If 21st Century Community Learning Centers (21st CCLC) funding is eliminated in next year’s federal budget, 1.4 million children across the United States are at risk of losing their afterschool programs. Because 90% of 21st CCLC offer STEM learning opportunities, this means nearly 1.3 million youth across the nation will no longer have access to afterschool programs that provide hands-on STEM learning. The president’s FY 2027 budget request also includes cuts to STEM education portfolios that will affect afterschool programs both directly and indirectly by removing partnerships, funding, resources, and access to professional mentors. Given that more than 77% of parents agree that afterschool programs help their children develop an interest in and skills related to STEM, these funding cuts will be a devastating blow to communities across our nation.

Evidence shows that afterschool programs are vital to engaging youth in STEM. When you have meetings with policymakers about protecting afterschool funding, it’s important to have the data and the effective messages to highlight why afterschool STEM is essential for our youth, communities, future workforce, and society.

When the data alone isn't enough, how you say it matters just as much as what you say. The Afterschool STEM Hub’s Say This, Not That guide can help you with effective messaging strategies as you make the case for sustaining investments in afterschool STEM in your communities. The guide serves as a reference sheet, offering alternatives to common but sometimes counterproductive talking points for more effective framing. For instance, the guide recommends that instead of talking about a 'STEM skills crisis,' to focus on the opportunities ahead.

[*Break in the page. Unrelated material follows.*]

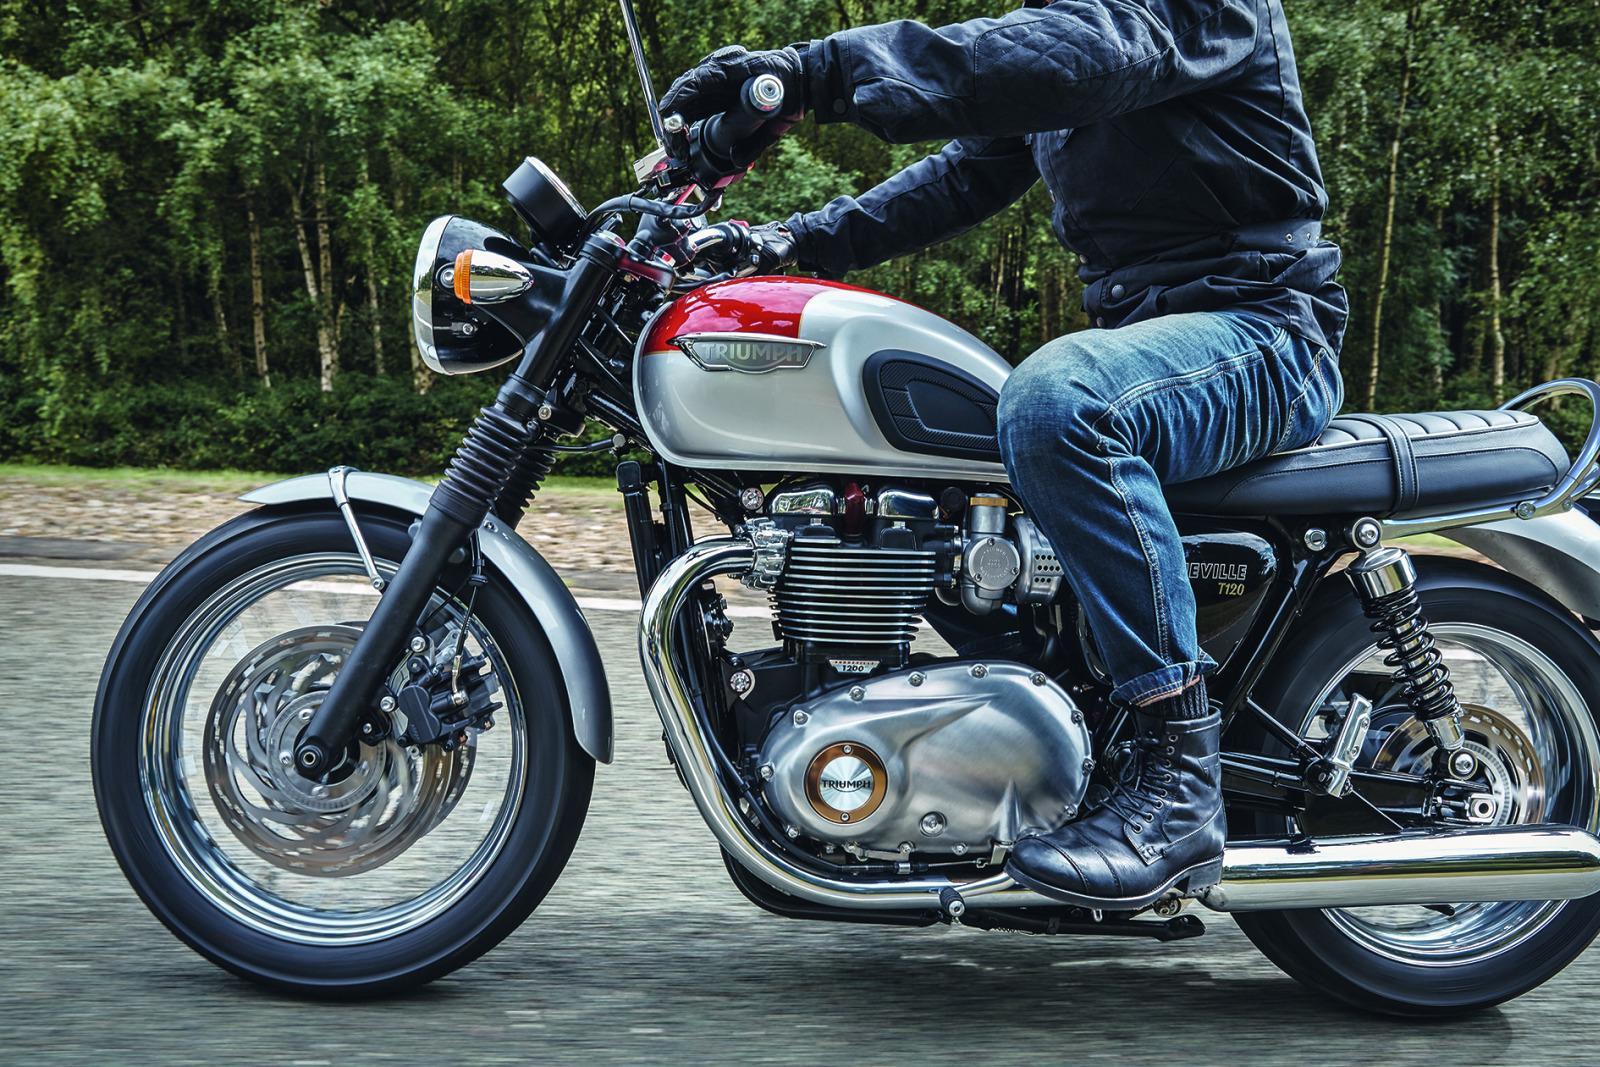 triumph bonneville t120 und t120 black 2016 motorrad fotos motorrad bilder. Black Bedroom Furniture Sets. Home Design Ideas

This strategic communication guide was carefully crafted based on tested framing strategies and message research to communicate in ways that resonate with a wide range of audiences, without inadvertently triggering division or undermining the shared values at the heart of the work. You can use this guide to prepare for meetings with your local, state, or federal representatives and to share about your program in emails, blogs, funding proposals, social media posts, and other formats. With specific alternative messaging samples and the reasoning to back up the recommended switch, the guide can help you persuasively and strategically move audiences toward seeing STEM learning as a necessary, collective investment.

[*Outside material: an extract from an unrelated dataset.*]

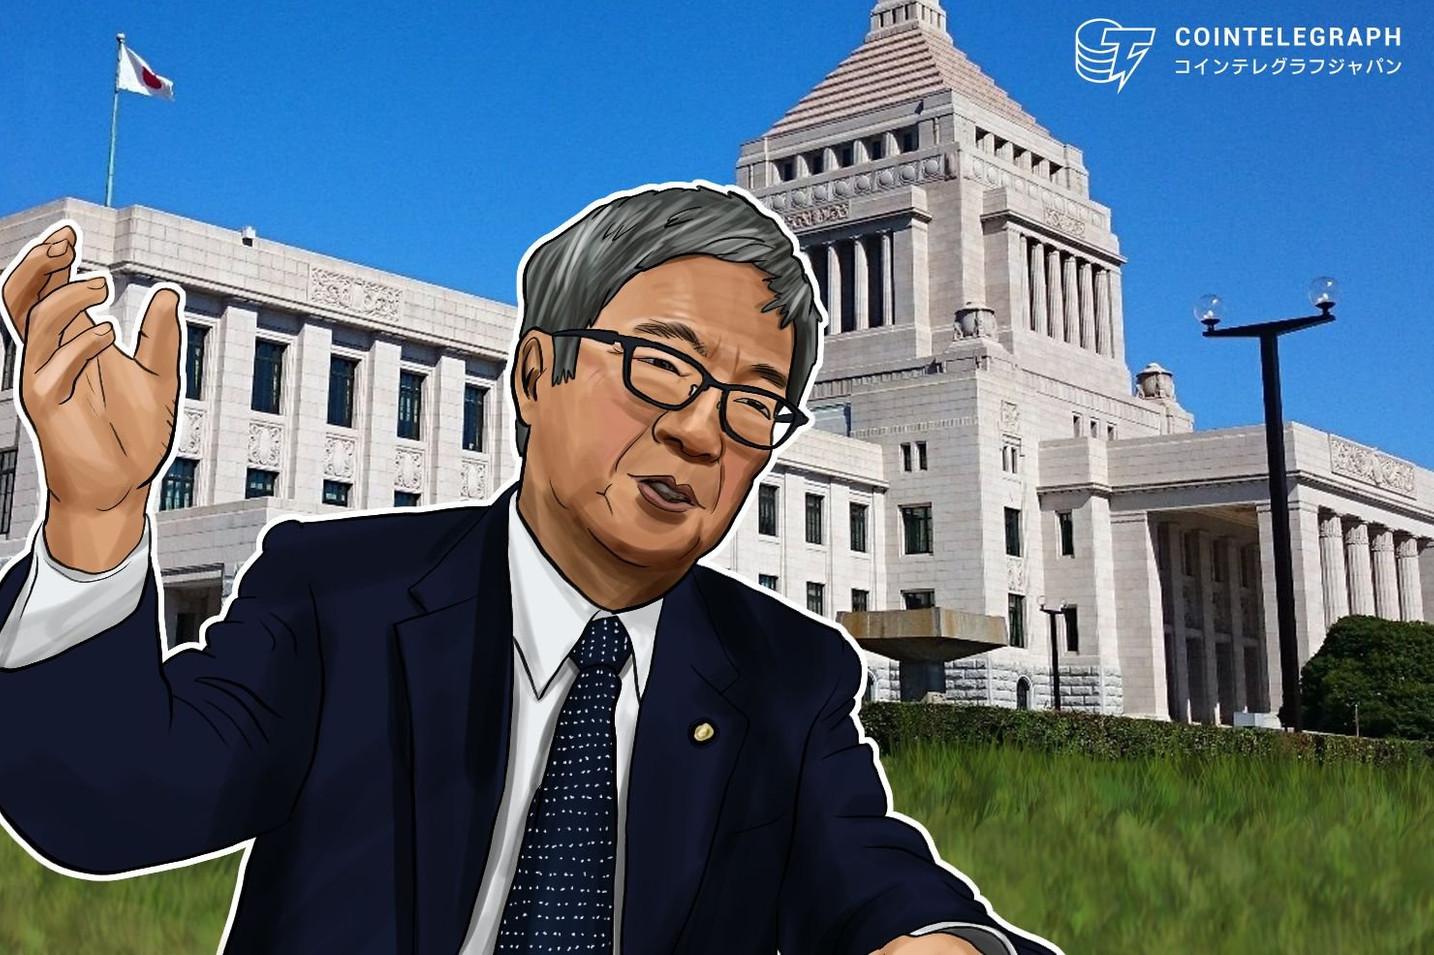 藤巻議員、仮想通貨税制改正の嘆願書を国会に提出

How to use the Say This, Not That Guide

  1. Review
    1. Review the guide to become familiar with the messaging strategies. Pay attention to the 'Why' column - some of the language swaps may surprise you.
       
    2. Share them with your team and discuss how you might integrate them into the narratives about the impact of your program on your community and the youth you serve.
  2. Tailor
    1. Once you've become familiar with the message strategies, tailor them to your unique program, community, and stories.
       
    2. Integrate the messaging into your email communications and outreach letters to your policymakers, in funding proposals, or in crafting an op-ed for your local newspaper. The guide's framing around "access for all kids in urban, suburban, and rural areas" is ready-made for a congressional meeting, while the "shared prosperity" framing works well in an op-ed or funding proposal.
  3. Engage
    1. Send your message with the tailored message framing to your elected leaders, letting them know why supporting afterschool means supporting STEM learning.
       
    2. You can even use the messaging to adapt a message to Congress in support of afterschool STEM through the Afterschool Alliance’s Afterschool Works for America Campaign.

With this practical tool at hand, use your stories of impact, data, and reframed messaging to take the next step and engage with your lawmakers to ask them not to allow these cuts to STEM education and afterschool. You already have the stories and the data. This guide gives you the language to make them land.

You can also visit AfterschoolWorksForAmerica.org to find more tools in the larger fight for afterschool and summer learning programs. Sign up to get the latest afterschool and summer learning policy updates in your inbox.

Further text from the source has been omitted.